How a tiny children's hospital is benefiting from shifts in pediatric care
Lying inside a white crib in Cabin 34, his room at La Rabida Children's Hospital, 7½-month-old Owen Collins plays peekaboo and works on simple tasks like gripping a plastic ring and merely smiling with his infant development specialist. The swoosh of a ventilator helping him breathe is background noise to Erin Gustafson's playful commands. She's preparing him for life at home, especially Owen's ability to bond with his parents and their ability to pick up on his cues. "A lot of these kiddos have spent the majority, if not all, of their life in a hospital," says Gustafson, 31.
La Rabida, a small specialty facility in a corner of Jackson Park, is seeing a big uptick in patients—babies younger than 1 in particular—as community hospitals shrink or close their pediatric units, fueling the consolidation of young patients into children's hospitals and big systems. Patients who are no longer sick enough to be hospitalized but are still too frail to go home are increasingly referred to La Rabida, especially those coming from intensive care units.
La Rabida's expertise is treating low-income children with complex medical conditions. The patients are kids on ventilators like Owen, as well as children who need rehabilitation to regain all types of functions (eating, standing) and respiratory therapy for their maturing lungs.
Insurers mindful of their own bottom lines are pressuring hospitals to discharge patients faster, either sending them home or to a cheaper facility. At the same time, hospitals are shuttering or reducing pediatric units as the number of kids who flow through their doors declines.
Children who do end up hospitalized are sicker and stay longer. In Illinois, the number of pediatric hospital admissions decreased 27 percent from 2012 to 2016, while the average length of stay increased from 3.8 to 4.6 days during that period, state data show. This mirrors nationwide trends.
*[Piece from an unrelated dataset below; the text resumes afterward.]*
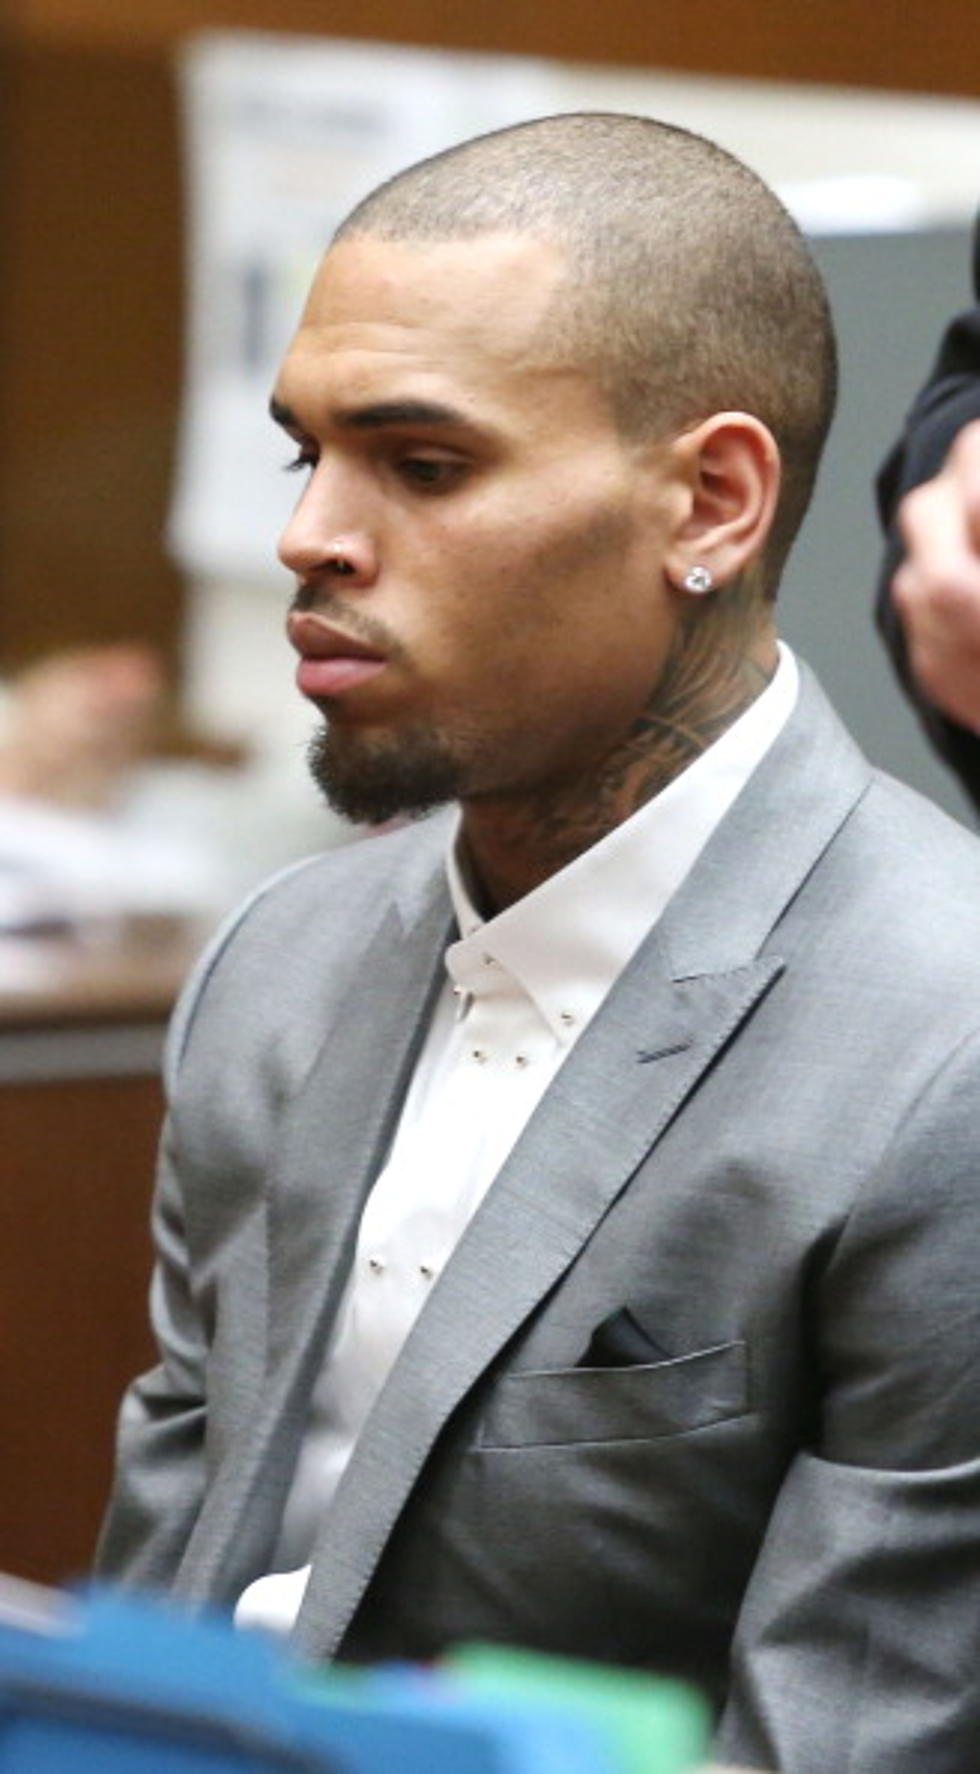 Chris Brown Blamed for Shootings

La Rabida noticed its patient volume started to climb around two years ago as hospital pediatric care dwindled, and for facilities that treated kids, the demand for their high-end services intensified while the squeeze from insurers did, too. From the 2015 to 2017 fiscal years, patients went from staying around 15 days on average to 25 days, the average daily census grew from about 18 to 25 patients and the number of children admitted who were younger than 1 ticked up from 19 percent to nearly 40 percent.
"The major medical centers have gotten much more focused on how they get paid and trying to get kids discharged when they don't need a certain level of service, and we are there to offer this 'step down' for these kids and families," explains Brenda Wolf, CEO of La Rabida since 2011.
Lurie Children's Hospital, a large Streeterville-based specialized medical center that's had a long relationship with La Rabida, has sent more kids there as its own volumes have grown: from 13 referrals in 2014 to an estimated 50 this year, says Michelle Stephenson, Lurie's chief operating officer.
UChicago Medicine Comer Children's Hospital in Hyde Park, just 3 miles northwest from La Rabida, is a big referral source as well, with 55 percent of La Rabida's 377 total referrals in the 2017 fiscal year. "The plan is to always get that child home," says Dr. John Cunningham, Comer physician-in-chief. "La Rabida is that next step, where they can provide intensive respiratory therapy and occupational therapy. They also have experts who actually provide management of the tracheostomy and ventilator to gradually get them off (the technology)."
La Rabida isn't a typical hospital. It doesn't perform surgeries or have an intensive care unit for babies. Doctors are there around the clock, but providers focus on development and provide extra services that many hospitals don't typically offer. That includes programs that teach parents how to feed and bond with their babies, coordinating their doctors' appointments and driving (sometimes via ambulance) patients to and from various tests and procedures at other facilities.
This is why the care at La Rabida is expensive and a financial challenge for this small hospital, whose operating profit in 2015 was about $300,000 and $2.1 million last year. La Rabida gets paid about $2,000 a day per inpatient, no matter how many services it provides, yet it's not unusual for one child to cost more than $50,000 during their stay, says La Rabida Chief Financial Officer Mark Renfree. Patients are arriving younger and more complex. The hospital has been adding staff (now totaling just over 400 full-timers) partly to treat the influx of new referrals.
La Rabida also has an outpatient clinic, which has nearly 30,000 visits a year from children with chronic conditions like sickle cell anemia and diabetes, while also conducting forensic interviews and providing counseling for children affected by trauma.
Since the hospital's reimbursement has remained relatively flat, it's focused on growing patient volume. A major shift in the way Medicaid is provided and paid for in Illinois has helped. The state is expanding its managed care program, where Illinois pays private insurers to administer health insurance benefits for Medicaid recipients and focus on preventive care in a bid to save the state money.
Three years ago, La Rabida won state approval to join the program to coordinate treatment for kids who aren't La Rabida patients. So far, the hospital has contracts with managed care insurers CountyCare and IlliniCare to oversee about 2,000 kids. Those deals represented about 8 percent of La Rabida's $54.2 million of revenue in 2016—a business line the hospital hopes to grow.